County: Clare Site name: MANUSMORE (Site AR100)
Sites and Monuments Record No.: N/A Licence number: 04E0187
Author: Graham Hull, TVAS Ireland Ltd.
Site type: Flat cemetery
Period/Dating: Prehistoric (12700 BC-AD 400)
ITM: E 537763m, N 672373m
Latitude, Longitude (decimal degrees): 52.798766, -8.922890
Evidence has been produced of funerary and perhaps industrial activity, indicated by metal slag, at this site on the N18 Ennis bypass. At present it is not known if these activities were contemporary.
Human burial is represented by 27 pits in which cremated bone was deposited. The cremation burials seemingly form three clusters within an unenclosed cemetery (or cemeteries), although the truncation caused by modern ploughing may have removed potential ditches/gullies. Without the absolute chronology offered by radiocarbon dating, the burials can as yet only be assigned to the 3000 years between the Early Bronze Age and the Late Iron Age.

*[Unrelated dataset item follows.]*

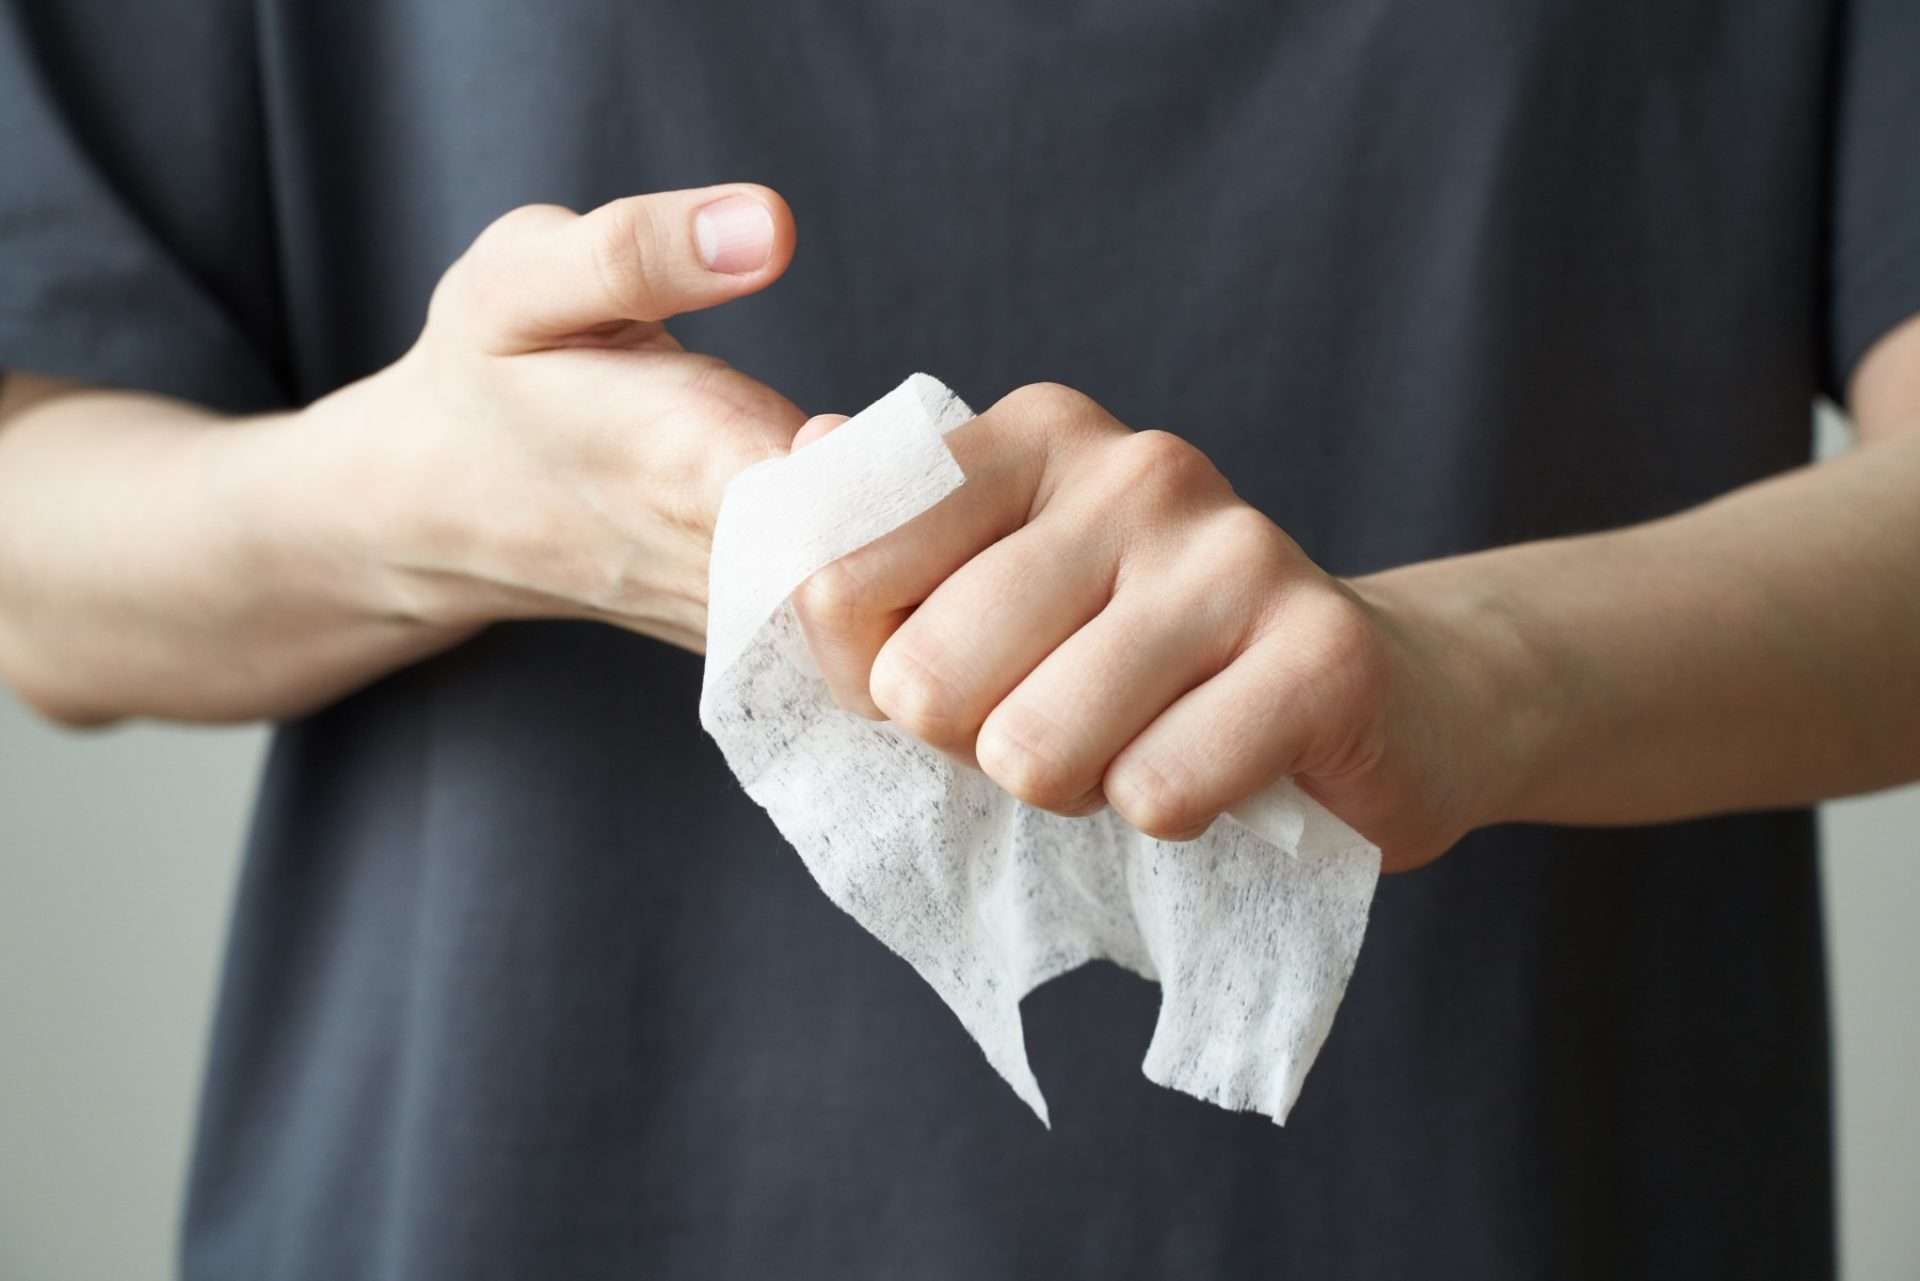 Person using wipe to clean hands.

The presence of pottery and lithics from some of the burials is interesting in itself and will, in combination with the absolute dating offered by radiocarbon, allow relative chronology across the site to be determined. The pottery and bone deposits seem, despite the modern ploughing, to have been token.
Some of the smaller features may have been postholes and might indicate the presence of timber structures or perhaps grave markers.
The funerary landscape of County Clare has been subject to considerable research and speculation and this new site has the potential to be meaningfully integrated into the corpus of knowledge (see, for example, Grogan 1995 and Grogan and Condit 2000).
The relationship of the archaeological site to the nearby Ardsollus River is potentially significant. The modern river course is 120m to the south-east but archaeological testing (Excavations 2003, No. 127, 03E1291) and geological survey suggest that the burial site may have been much closer to water in the prehistoric period.
References
Grogan, E, 1995 North Munster Project. In Discovery Programme Reports 2. Dublin.
Grogan, E., and Condit, T. 2000 The funerary landscape of Clare in space and time. In C. Ó Murchadha, County Clare studies. Ennis.